— AVAILABLE DATA —
-- Opening Marker --
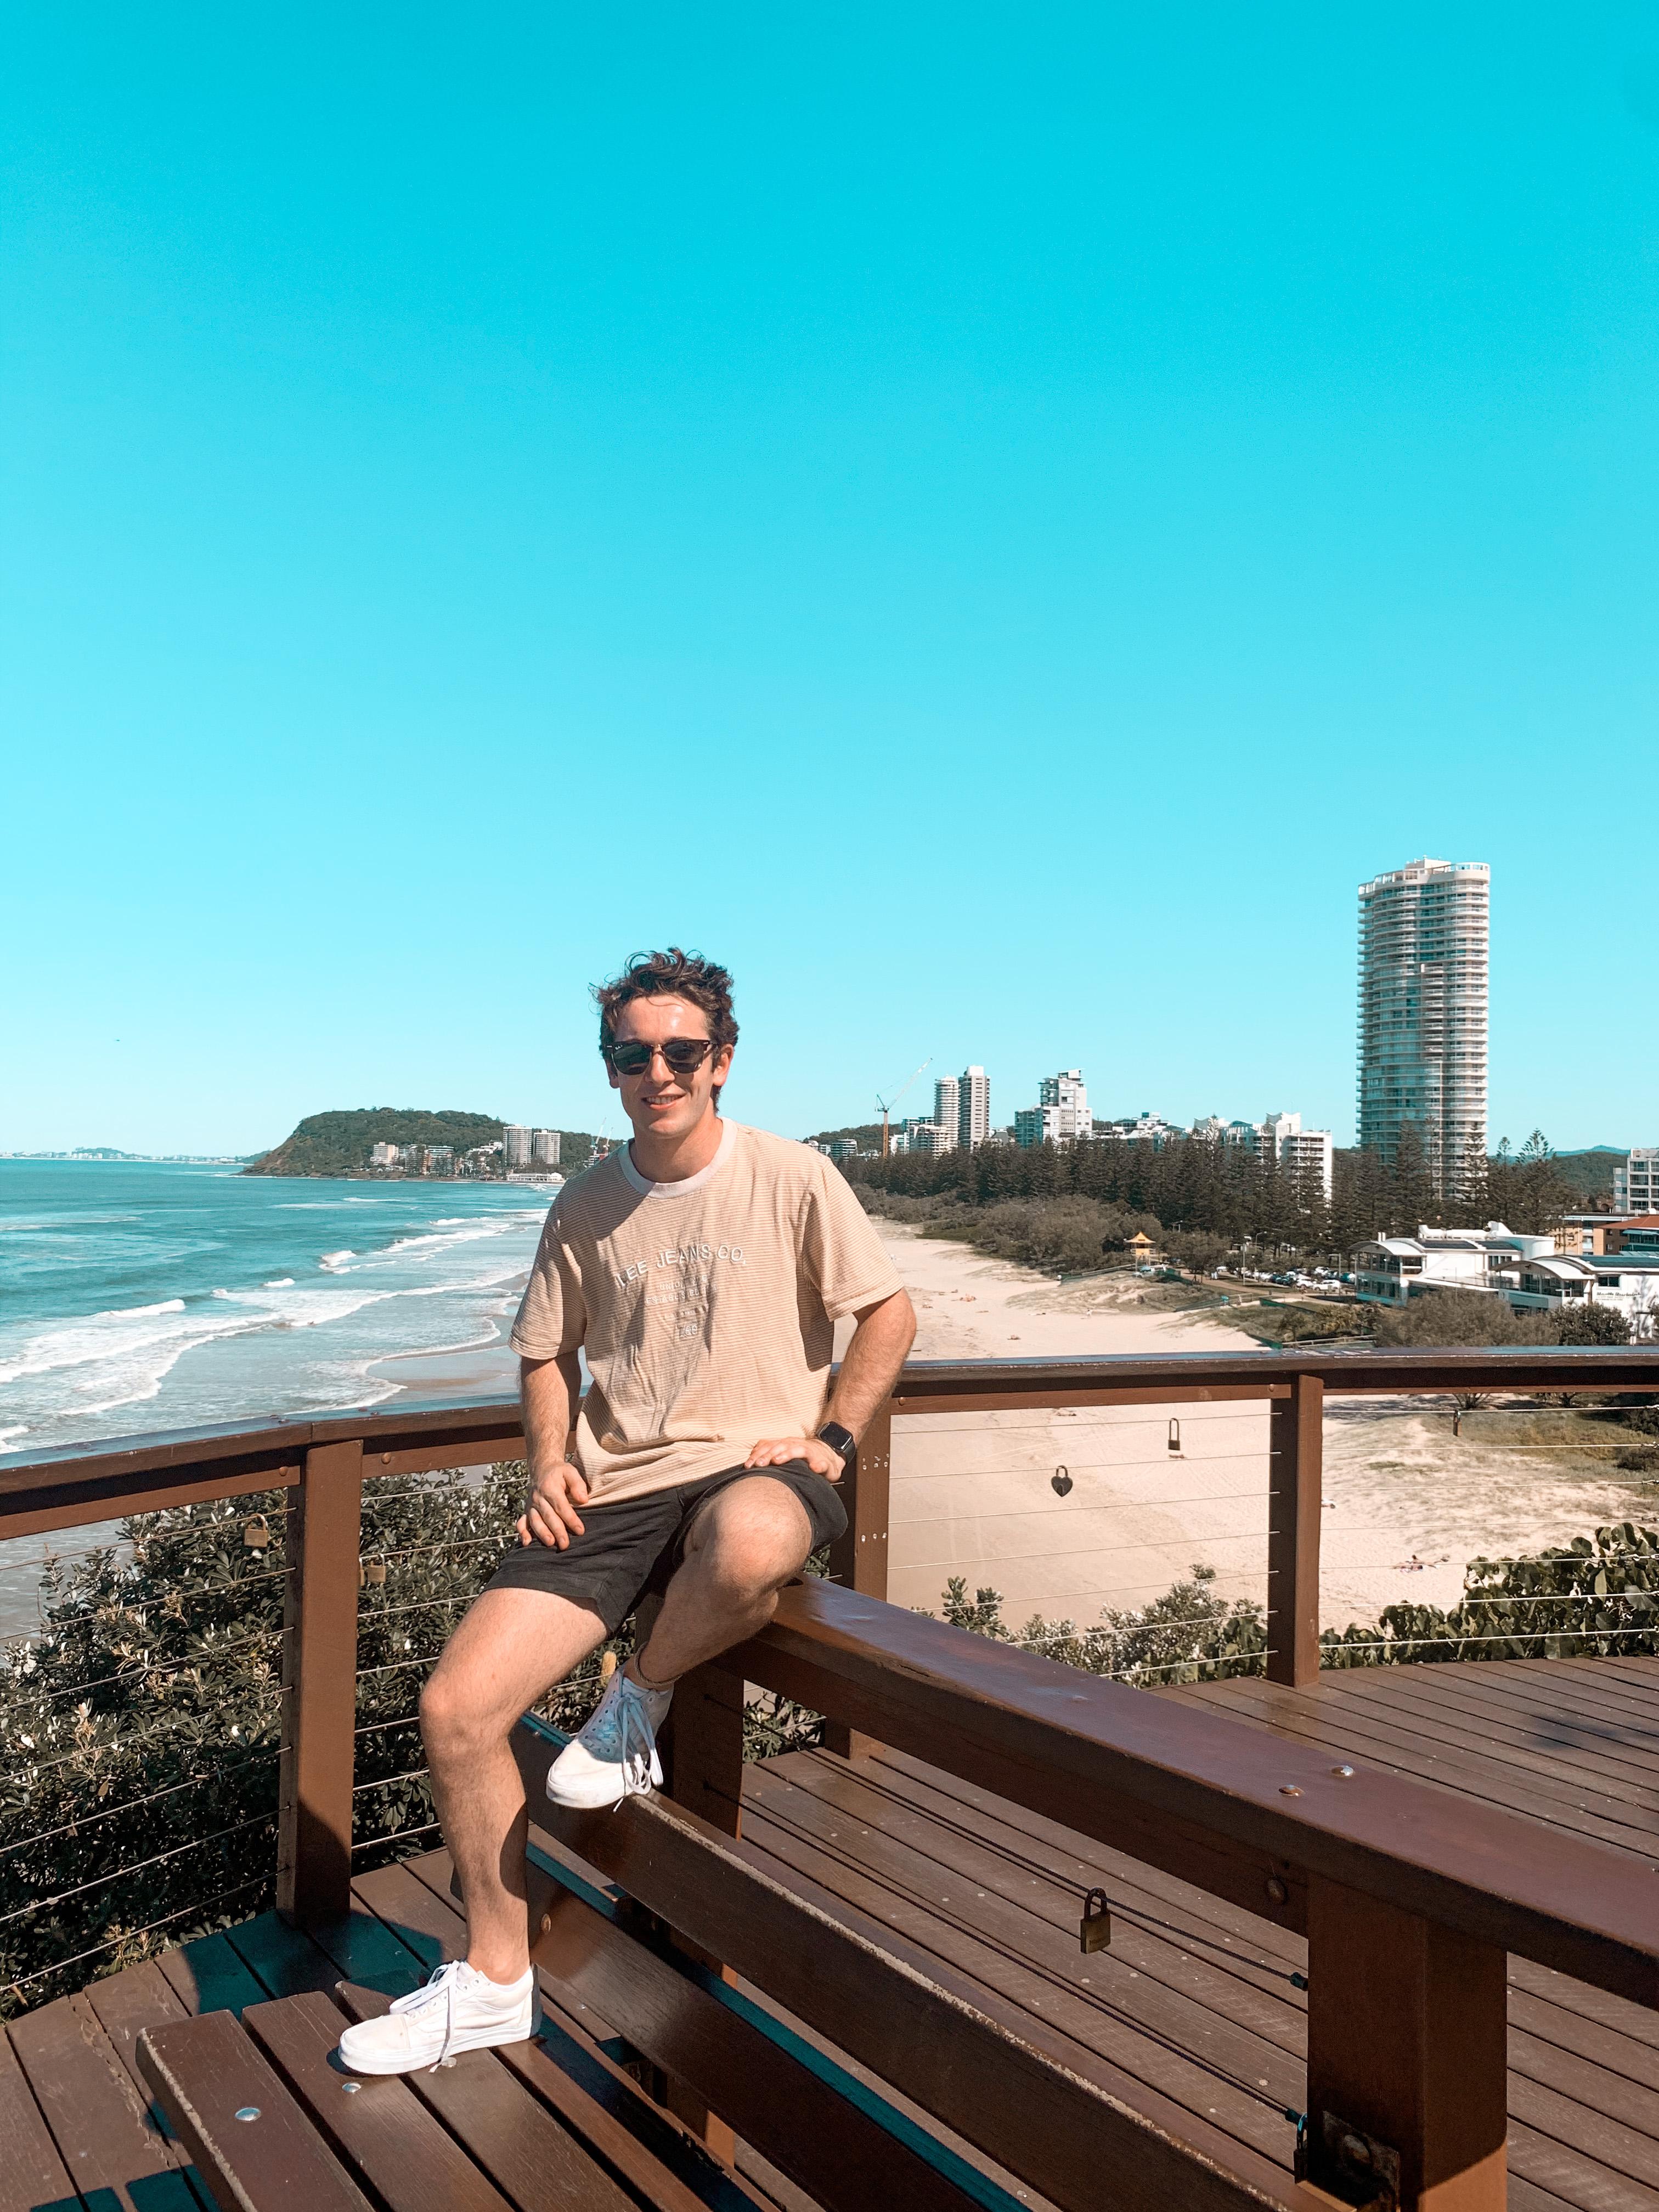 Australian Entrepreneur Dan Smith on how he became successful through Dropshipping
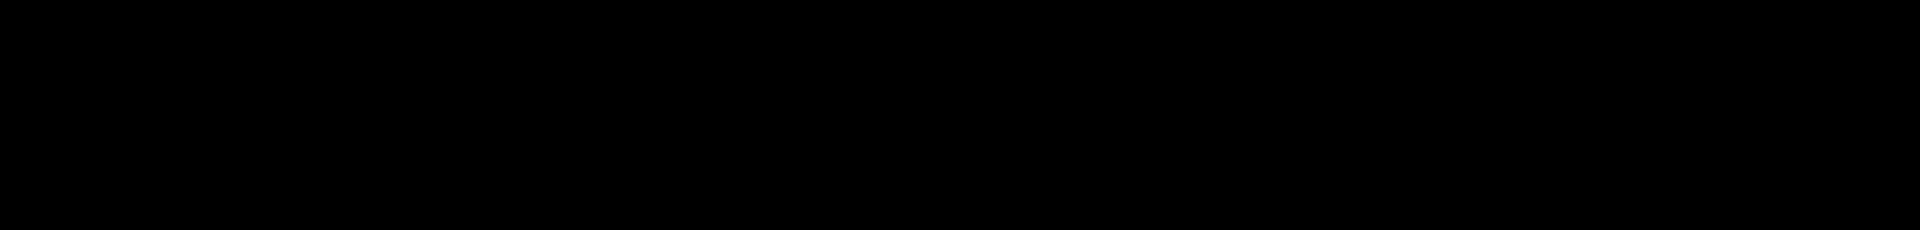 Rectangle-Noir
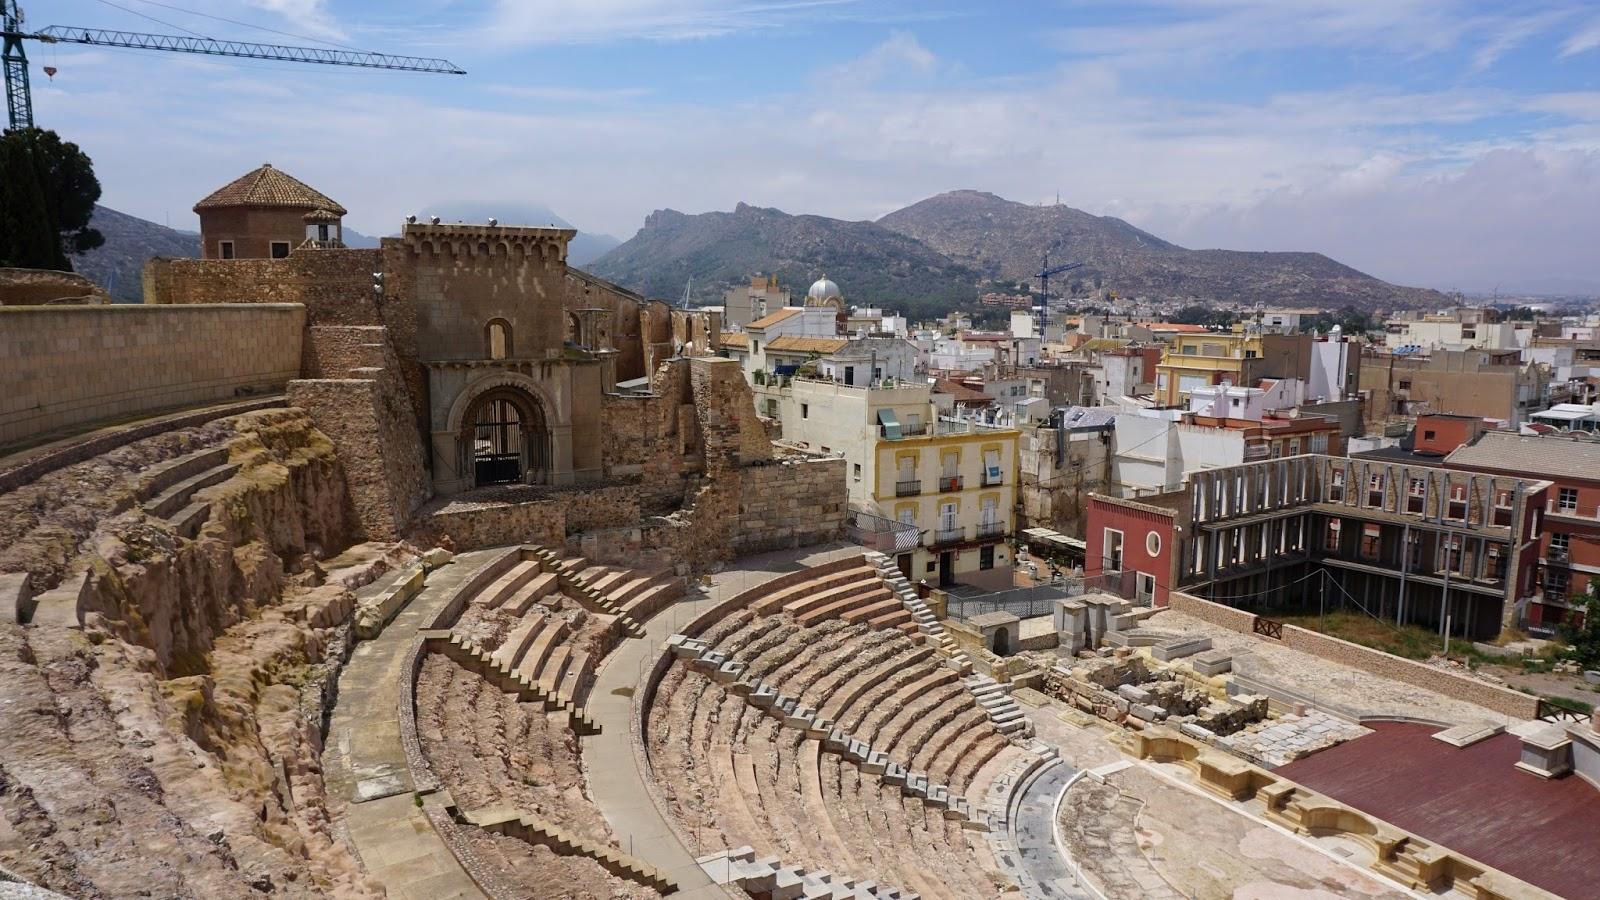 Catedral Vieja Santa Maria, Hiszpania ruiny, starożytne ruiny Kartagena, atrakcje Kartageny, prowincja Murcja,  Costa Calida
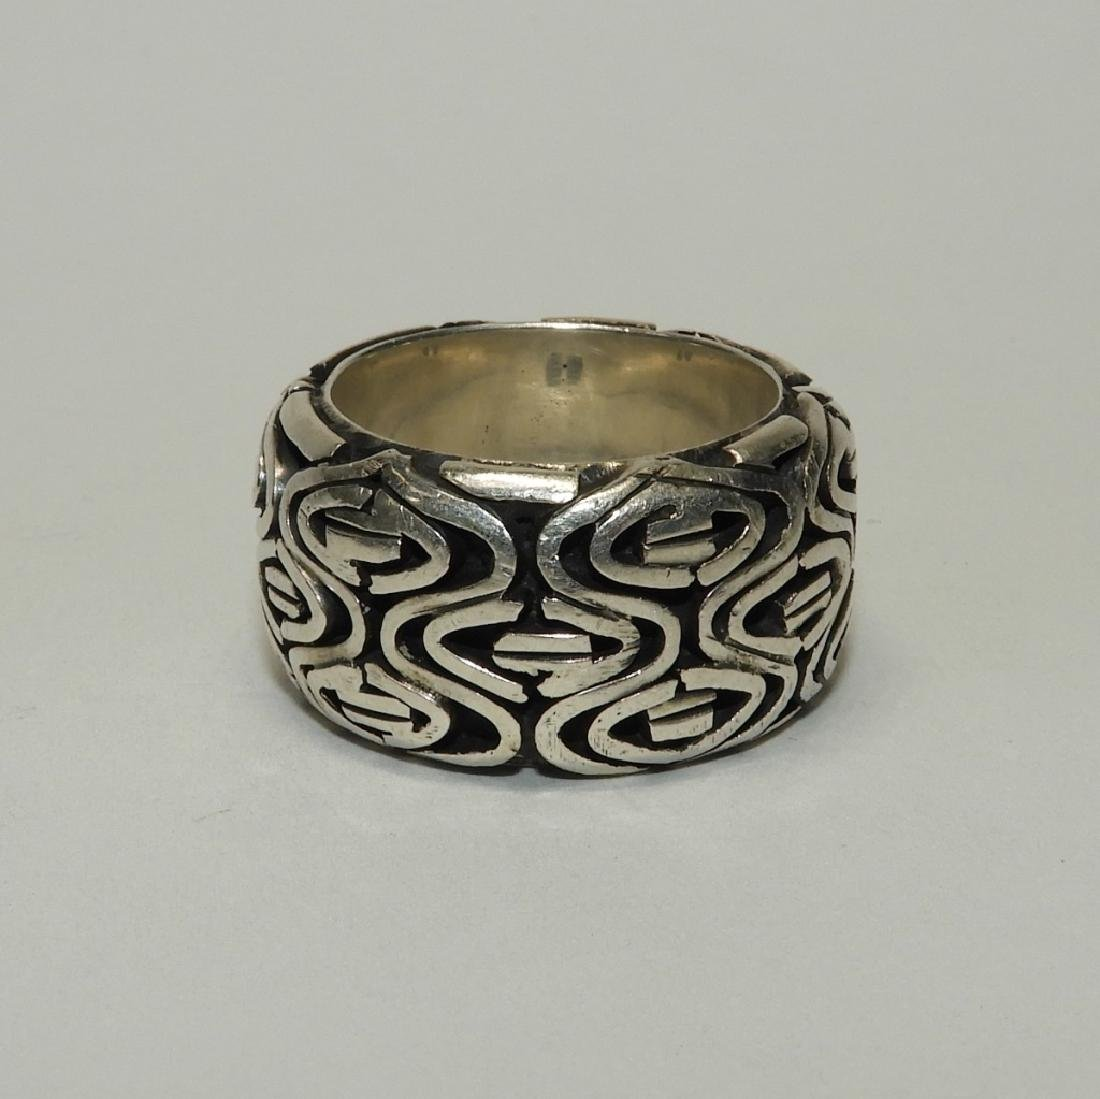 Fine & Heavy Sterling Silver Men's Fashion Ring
-- Closing Marker --
— YOUR OBJECTIVE —
The answer must be the full listing, word for word, with no images in it.

— WRITTEN SOLUTION —
 Australian Entrepreneur Dan Smith on how he became successful through Dropshipping
 Rectangle-Noir
 Catedral Vieja Santa Maria, Hiszpania ruiny, starożytne ruiny Kartagena, atrakcje Kartageny, prowincja Murcja,  Costa Calida
 Fine & Heavy Sterling Silver Men's Fashion Ring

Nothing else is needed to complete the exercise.